Speaker recognition from degraded audio samples

Detecting human speech and identifying its source, i.e., the speaker, from speech audio is an active area of research in Machine learning and Biometrics community. As with other types of digital signals such as images and video, an audio signal can undergo degradations during its generation, propagation, and recording. Identifying the speaker from such degraded speech data is a challenging task and an open research problem. In this research project, we work on developing deep learning-based algorithms for speaker recognition from degraded audio signals. We use speech features like Mel-Frequency Cepstral Coefficients (MFCC) and Linear Predictive Coding (LPC) for representing the audio signals. We design one-dimensional convolutional neural networks (1D-CNN) which learn speaker dependent features from the MFCC and LPC based speech representations for performing speaker recognition.

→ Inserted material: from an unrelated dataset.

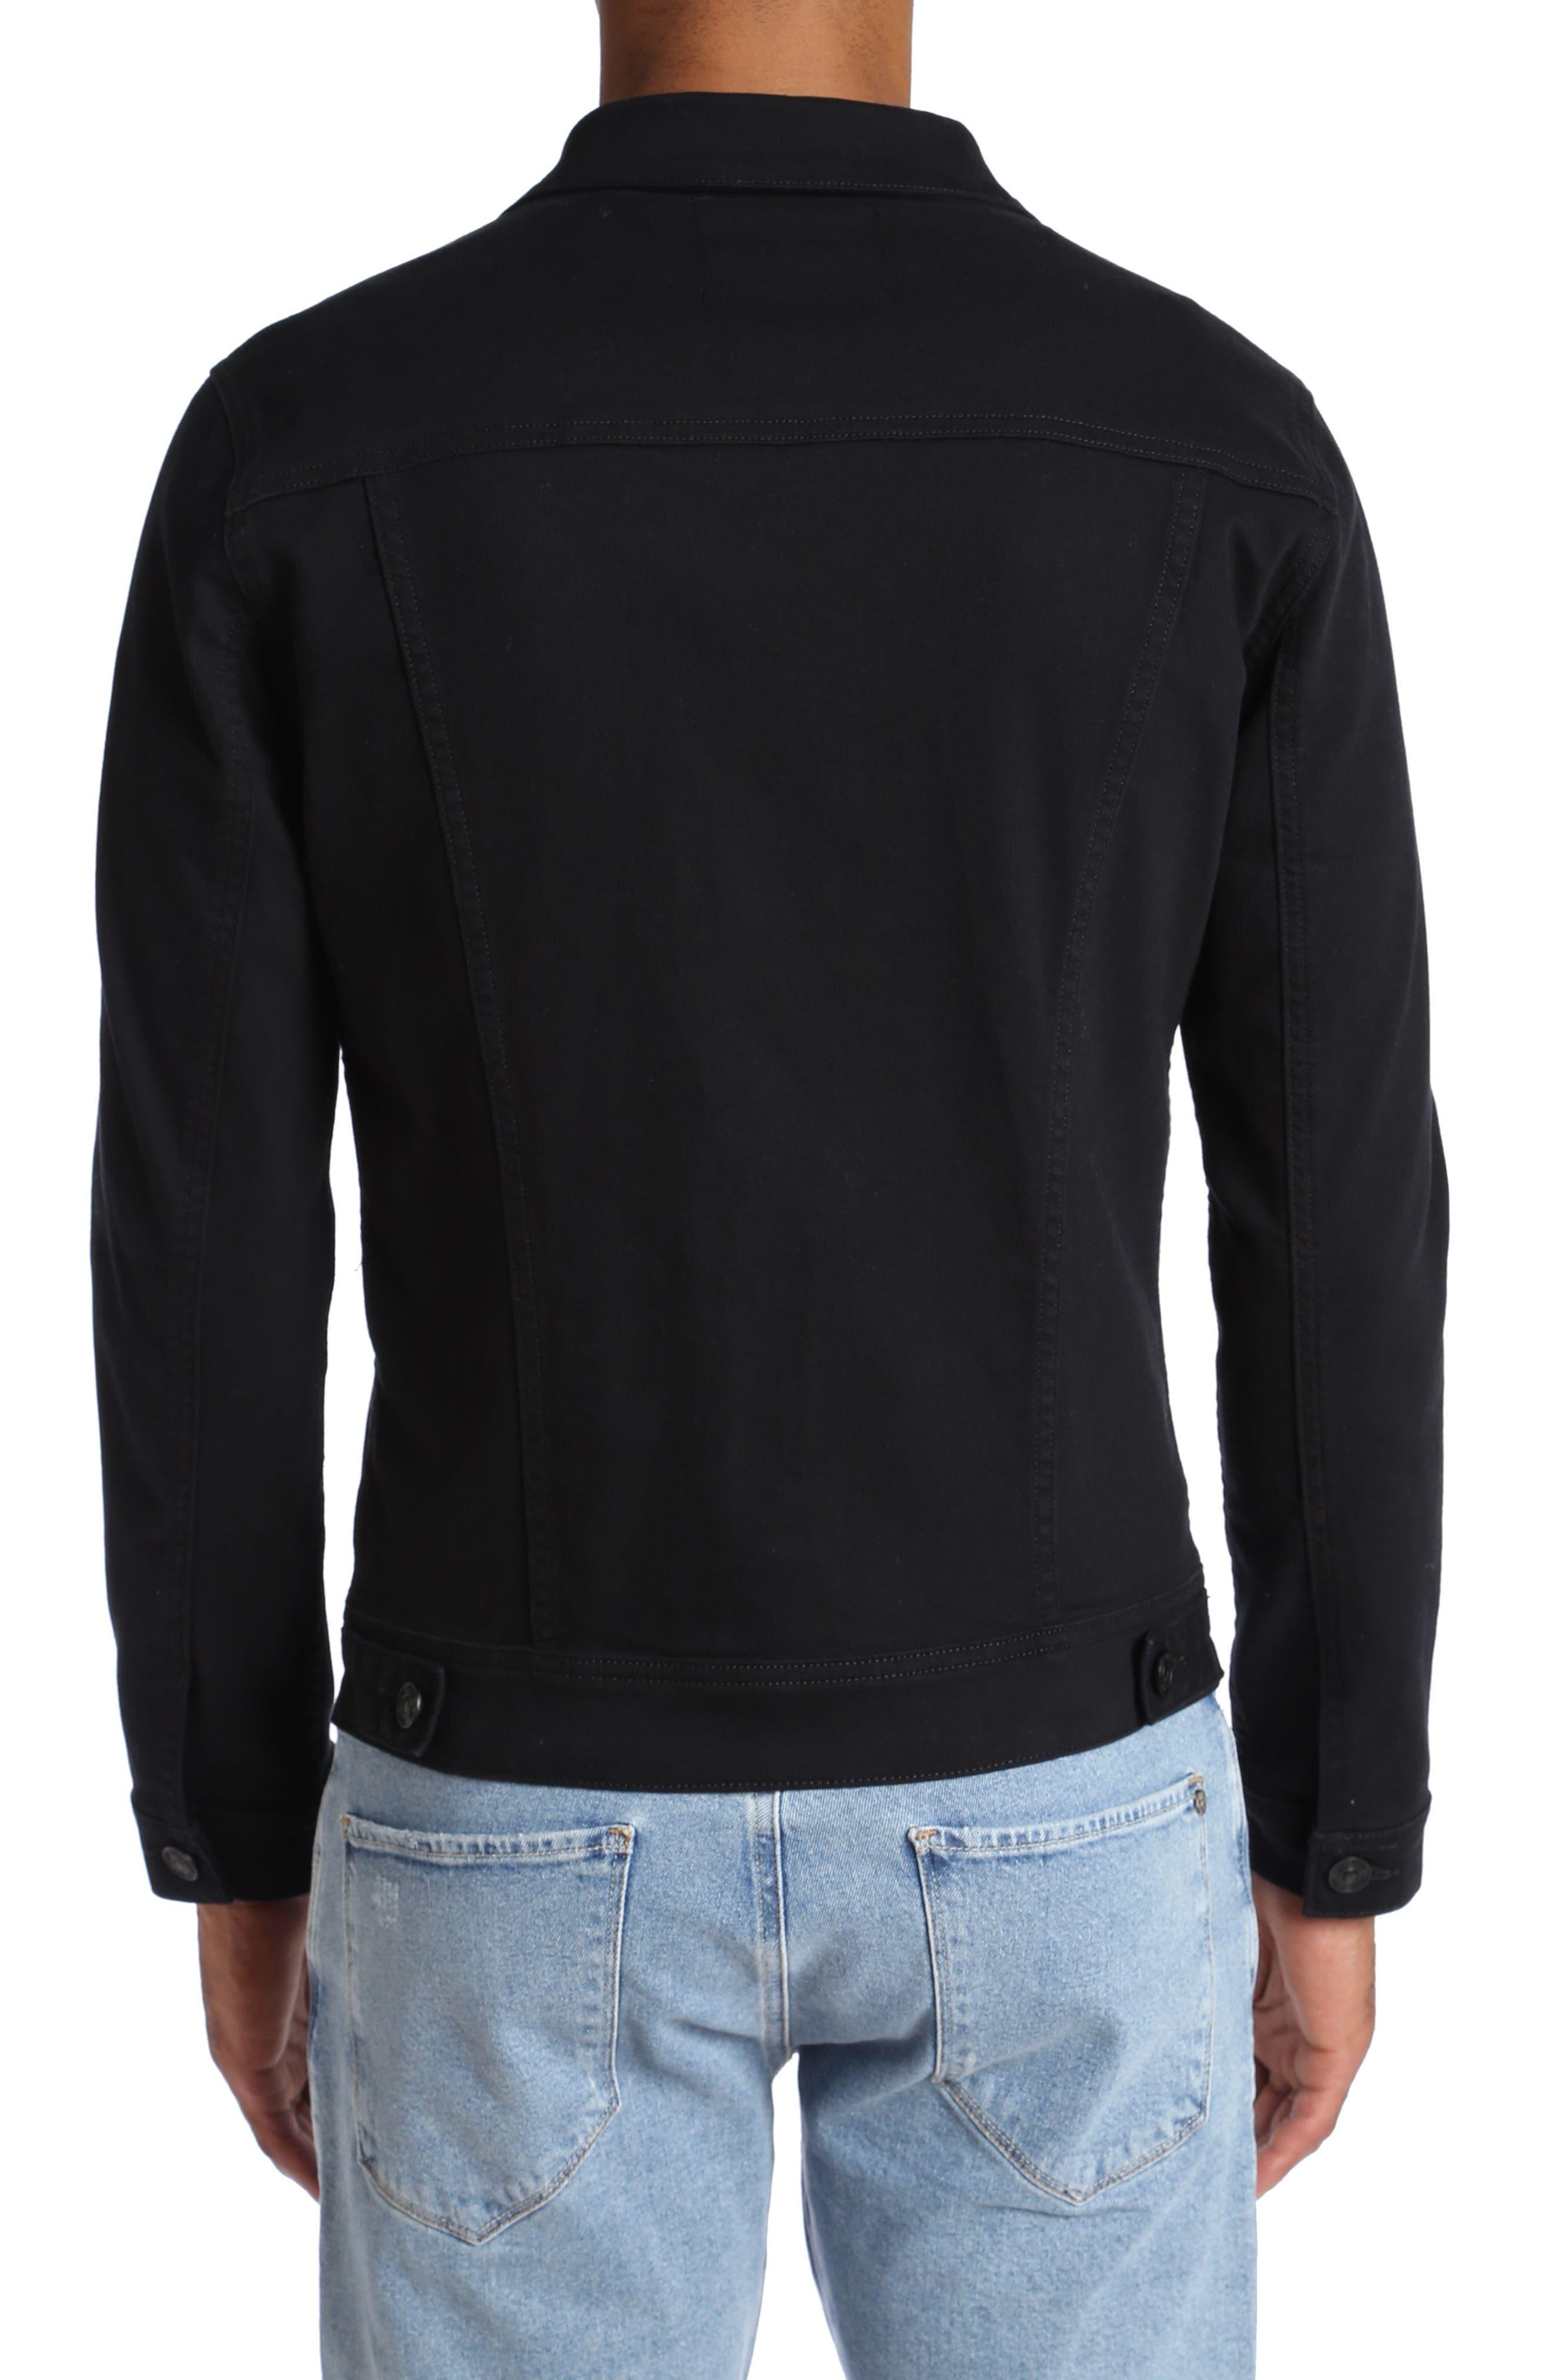 Frank Denim Jacket,                             Alternate thumbnail 2, color,                             Black Comfort

A. Chowdhury and A. Ross, "Extracting Sub-glottal and Supra-glottal Features from MFCC using Convolutional Neural Networks for Speaker Identification in Degraded Audio Signals," Proc. of International Joint Conference on Biometrics (IJCB), (Denver, USA), October 2017.

A. Chowdhury and A. Ross, “Fusing MFCC and LPC Features using 1D Triplet CNN for Speaker Recognition in Severely Degraded Audio Signals,” IEEE Transactions on Information Forensics and Security, Vol. 15, Issue 1, pp. 1616 - 1629, December 2020.